But can you imagine a Wall Street hedge fund deciding to burn billions to build ageneral artificial intelligence? That's exactly what he did High Flyer, a Chinese quantitative fund that has transformed its entire R&D department into DeepSeek in 2023. With a mountain of GPUs accumulated before the US sanctions, the founder Liang Wenfeng bet on under-30 researchers and extreme optimization.
“We are not looking for immediate profits, but answers to the world's most difficult questions,” said Liang.
The result of this philosophy is DeepSeek-R1, an open source model that outperforms OpenAI o1 in mathematics and logic, using 1/10 of the resources by Llama 3.1. The secret? “Making a virtue of necessity”, explains Marina Zhang ofUniversity of Sydney.
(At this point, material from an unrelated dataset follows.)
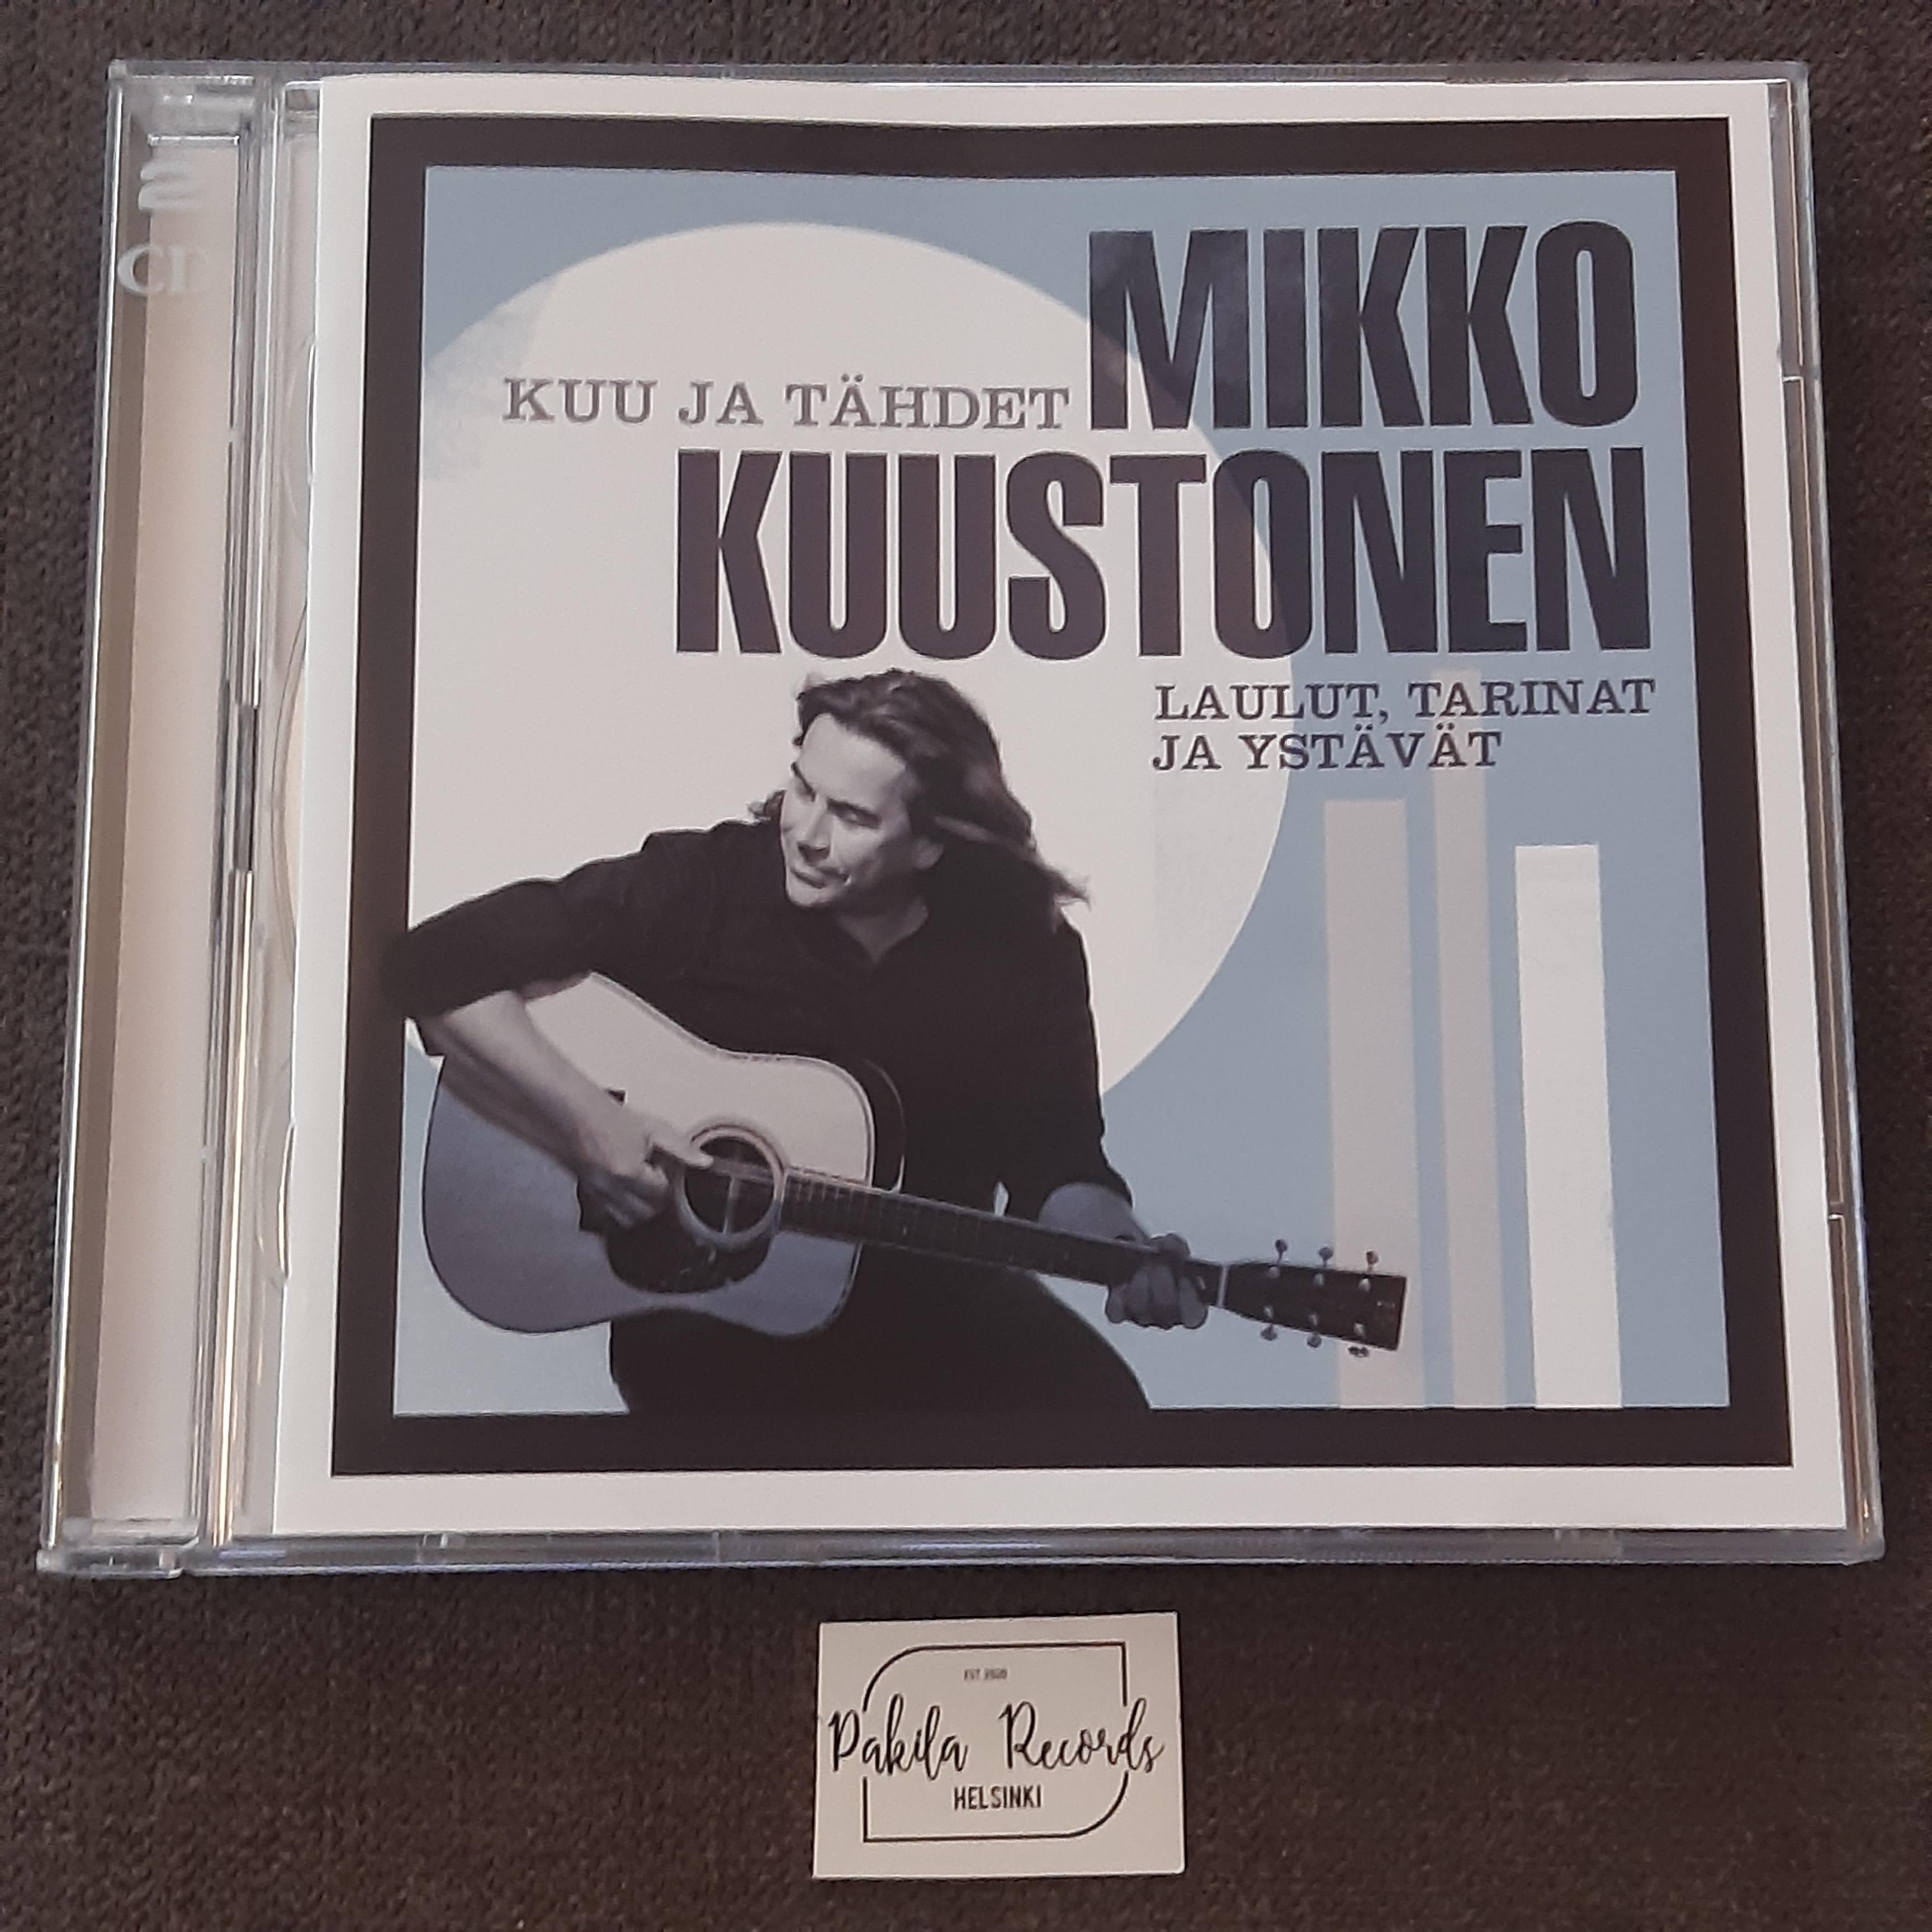 Mikko Kuustonen - Kuu ja tähdet, Laulut, tarinat ja ystävät - 2 CD (käytetty)

Without access to the most advanced Nvidia chips, DeepSeek revolutionized the model architecture, creating algorithms that communicate like a jazz orchestra: few instruments, maximum harmony. And now they make the rich (and expensive, too) tremble in terms of energy resources) Western AI world.
Young Geniuses and Patriotism: The Secret (and Slightly Anarchic) Recipe
While Google and Meta they hire veterans (and talents from abroad), DeepSeek is aiming for Beijing and Tsinghua graduates: brains hungry for academic glory, not for golden salaries. “We hire those who have won international awards, even with zero industrial experience”, Liang admits. An approach that pays off: the team developed the Multi-Head Latent Attention, a technique which reduces memory consumption by 40%.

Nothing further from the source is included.